It started a long time ago, when I was about 6 years old, a bunch of boys twice my age started to pick on me, my pulling my hair following me until I took the mistake of taking my mothers advice and told them to leave me alone, since they were from the rough side of town they started to kick and punch me, they were yelling that they were going to kill me, until my sisters came and stopped them. It was faith who turned around and said 'you owe us big time' before dragging me to the hospital. I thought about what she said I understand the concept of owing someone, but when dad and mum talked about it, it was like 'honey could you pick cordelia from gymnastics today?' when he'd groaned a yes she'd give him a kiss and say 'thanks I owe you' but what happened if they saved your life and you owe them your life? Since I couldn't give them my life I decided to make theirs better.
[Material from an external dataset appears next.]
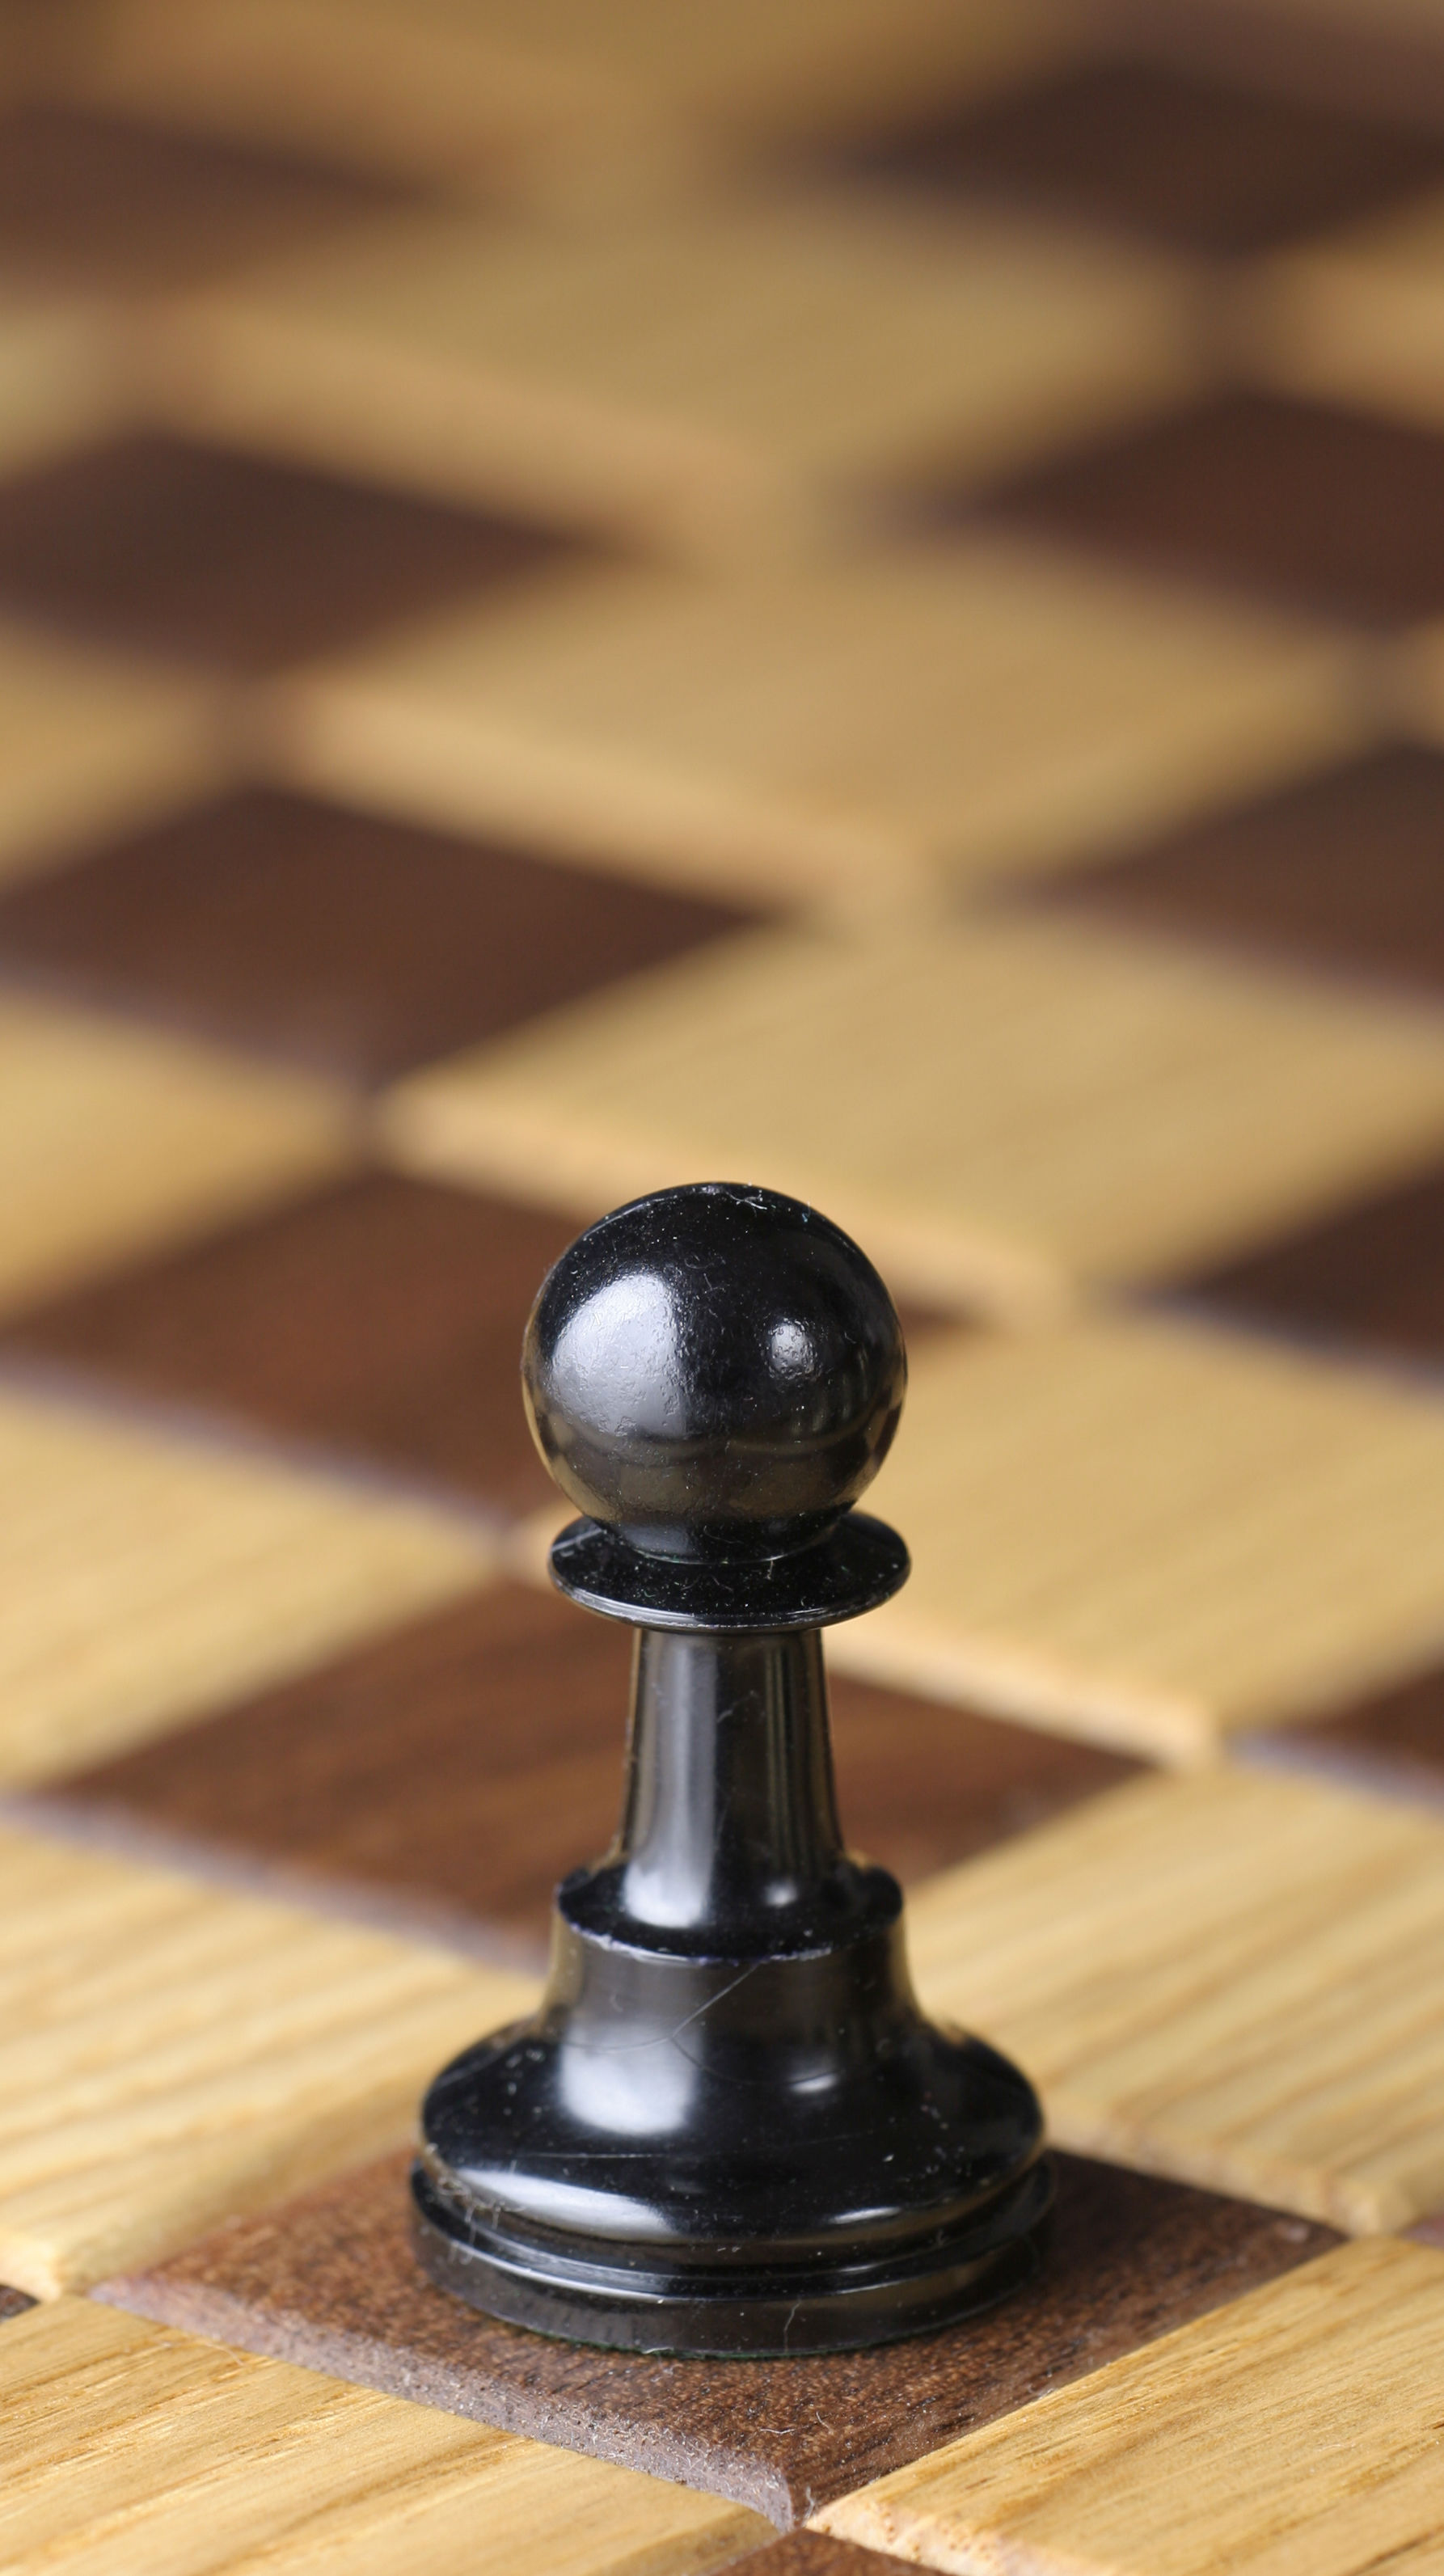 XSWZAQ Juego de ajedrez cuadrado: un tablero de ajedrez que mueve las  piezas de ajedrez de

When I was in third grade I was ahead of my class and I was happy that mum and dad were proud of me but I noticed willow was sad. When I asked her she said she worked really hard to get to the head of the class I was always first and she didn't enjoy coming in second. After thinking it over I decided to not pay attention in class as much as that saddens me because like willow I enjoying to stretch my mind further than I thought possible but soon over come this when she was rewarded on her academic studies and I saw the happiness though it all. Then cordeila liked this guy when we were in year 7 this was the time I'd dress in pink and wear flattering stuff when the guy asked me out, I was flattered but when cordelia found out that that guy asked me out, she was angry and sad at the same time. I found out form faith that she was upset at how I can get guys and how she can't. So I changed that, I dressed differently and I went deathly quiet which gave boys cordeilas undivided attention. For this I was happy. When I turned fifteen faith asked me to come with her to kick boxing classes we went for maybe six months and noticed I was picking up more than faith could. She yelled at me demanding how I could be better than her. I told her that I wasn't but she wouldn't listen so when we usually go against our instructor in a fighting match. I lost. This came as I surprise to everyone. So when I was yelling at my teacher today it brought back memories of why I was doing this.

To make my sisters happy.

"Buffy!" I turned and saw faith standing in the door way of my dark room. I was so carried away with my thoughts I never heard my door open. I merely looked at her.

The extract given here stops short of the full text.